+++ SUPPLIED DATA

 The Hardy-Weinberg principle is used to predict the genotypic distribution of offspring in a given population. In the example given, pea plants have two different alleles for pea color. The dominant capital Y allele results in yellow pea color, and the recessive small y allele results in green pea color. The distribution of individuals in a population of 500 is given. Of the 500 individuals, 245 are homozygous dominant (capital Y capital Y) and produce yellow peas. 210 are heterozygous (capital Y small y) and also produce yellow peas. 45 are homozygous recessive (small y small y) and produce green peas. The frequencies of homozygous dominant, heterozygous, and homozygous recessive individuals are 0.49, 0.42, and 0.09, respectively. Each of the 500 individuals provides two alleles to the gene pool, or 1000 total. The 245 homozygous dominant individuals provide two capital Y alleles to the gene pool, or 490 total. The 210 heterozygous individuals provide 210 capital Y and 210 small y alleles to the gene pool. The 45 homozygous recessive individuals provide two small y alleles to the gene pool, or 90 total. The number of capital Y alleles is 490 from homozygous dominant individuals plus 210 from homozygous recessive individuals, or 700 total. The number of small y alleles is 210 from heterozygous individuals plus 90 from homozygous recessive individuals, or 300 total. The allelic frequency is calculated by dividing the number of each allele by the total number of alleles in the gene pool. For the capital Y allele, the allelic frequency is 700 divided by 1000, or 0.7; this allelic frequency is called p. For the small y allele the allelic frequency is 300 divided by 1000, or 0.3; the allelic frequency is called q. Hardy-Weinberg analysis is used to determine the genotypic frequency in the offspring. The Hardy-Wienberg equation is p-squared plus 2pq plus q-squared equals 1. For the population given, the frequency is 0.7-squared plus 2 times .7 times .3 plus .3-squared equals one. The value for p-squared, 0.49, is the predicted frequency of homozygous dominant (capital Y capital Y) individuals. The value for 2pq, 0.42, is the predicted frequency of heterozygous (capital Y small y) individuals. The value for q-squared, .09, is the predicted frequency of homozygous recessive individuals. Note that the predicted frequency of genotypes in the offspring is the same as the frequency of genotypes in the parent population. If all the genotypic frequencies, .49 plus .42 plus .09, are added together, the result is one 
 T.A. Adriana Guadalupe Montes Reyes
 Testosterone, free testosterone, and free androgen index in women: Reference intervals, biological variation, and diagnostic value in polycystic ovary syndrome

++++++

_TASK REQUIREMENTS_. Could you retype all of the material word for word?

_RESULT OF THIS TASK_.
 The Hardy-Weinberg principle is used to predict the genotypic distribution of offspring in a given population. In the example given, pea plants have two different alleles for pea color. The dominant capital Y allele results in yellow pea color, and the recessive small y allele results in green pea color. The distribution of individuals in a population of 500 is given. Of the 500 individuals, 245 are homozygous dominant (capital Y capital Y) and produce yellow peas. 210 are heterozygous (capital Y small y) and also produce yellow peas. 45 are homozygous recessive (small y small y) and produce green peas. The frequencies of homozygous dominant, heterozygous, and homozygous recessive individuals are 0.49, 0.42, and 0.09, respectively. Each of the 500 individuals provides two alleles to the gene pool, or 1000 total. The 245 homozygous dominant individuals provide two capital Y alleles to the gene pool, or 490 total. The 210 heterozygous individuals provide 210 capital Y and 210 small y alleles to the gene pool. The 45 homozygous recessive individuals provide two small y alleles to the gene pool, or 90 total. The number of capital Y alleles is 490 from homozygous dominant individuals plus 210 from homozygous recessive individuals, or 700 total. The number of small y alleles is 210 from heterozygous individuals plus 90 from homozygous recessive individuals, or 300 total. The allelic frequency is calculated by dividing the number of each allele by the total number of alleles in the gene pool. For the capital Y allele, the allelic frequency is 700 divided by 1000, or 0.7; this allelic frequency is called p. For the small y allele the allelic frequency is 300 divided by 1000, or 0.3; the allelic frequency is called q. Hardy-Weinberg analysis is used to determine the genotypic frequency in the offspring. The Hardy-Wienberg equation is p-squared plus 2pq plus q-squared equals 1. For the population given, the frequency is 0.7-squared plus 2 times .7 times .3 plus .3-squared equals one. The value for p-squared, 0.49, is the predicted frequency of homozygous dominant (capital Y capital Y) individuals. The value for 2pq, 0.42, is the predicted frequency of heterozygous (capital Y small y) individuals. The value for q-squared, .09, is the predicted frequency of homozygous recessive individuals. Note that the predicted frequency of genotypes in the offspring is the same as the frequency of genotypes in the parent population. If all the genotypic frequencies, .49 plus .42 plus .09, are added together, the result is one 
 T.A. Adriana Guadalupe Montes Reyes
 Testosterone, free testosterone, and free androgen index in women: Reference intervals, biological variation, and diagnostic value in polycystic ovary syndrome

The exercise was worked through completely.